Проходит почти два месяца, прежде чем они добираются до постели. Инициативу берет на себя Кейт. Манди проявляет странную застенчивость. Она выбирает его квартиру, не ее, субботу, вторую половину дня, когда внизу все смотрят международный футбольный матч. В этот день Хампстед купается в коричнево-золотых красках осени. Перед тем как прийти к нему, они прогулялись по Хиту, наслаждаясь теплом солнечных лучей и запахом горящих листьев.
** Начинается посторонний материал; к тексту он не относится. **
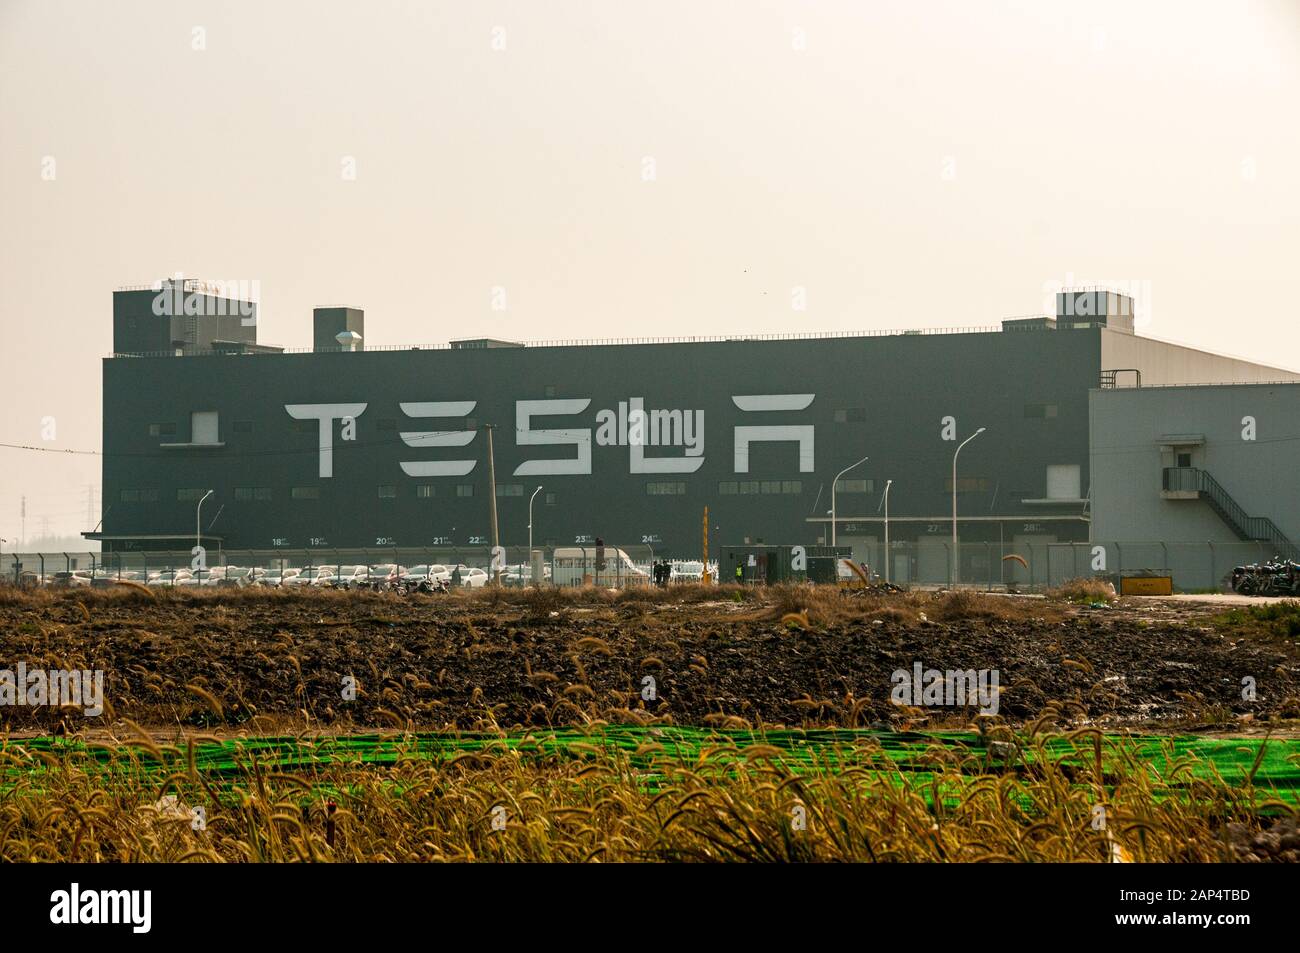 Tesla-Schild auf der Breitseite der chinesischen Fabrik - die Längsseite erstreckt sich etwa einen Kilometer. Stockfoto

Закрыв входную дверь квартиры Манди на замок и цепочку, она снимает пальто. И продолжает раздеваться, пока не остается в чем мать родила. Утыкается лицом в плечо Манди, помогая ему освободиться от одежды. Потом они шутят, что первый матч выиграли со счетом три-ноль. И, да, конечно, она выйдет за него замуж. Надеялась, что он попросит ее стать его женой. Они соглашаются, что на свадьбу должна приехать фрау доктор.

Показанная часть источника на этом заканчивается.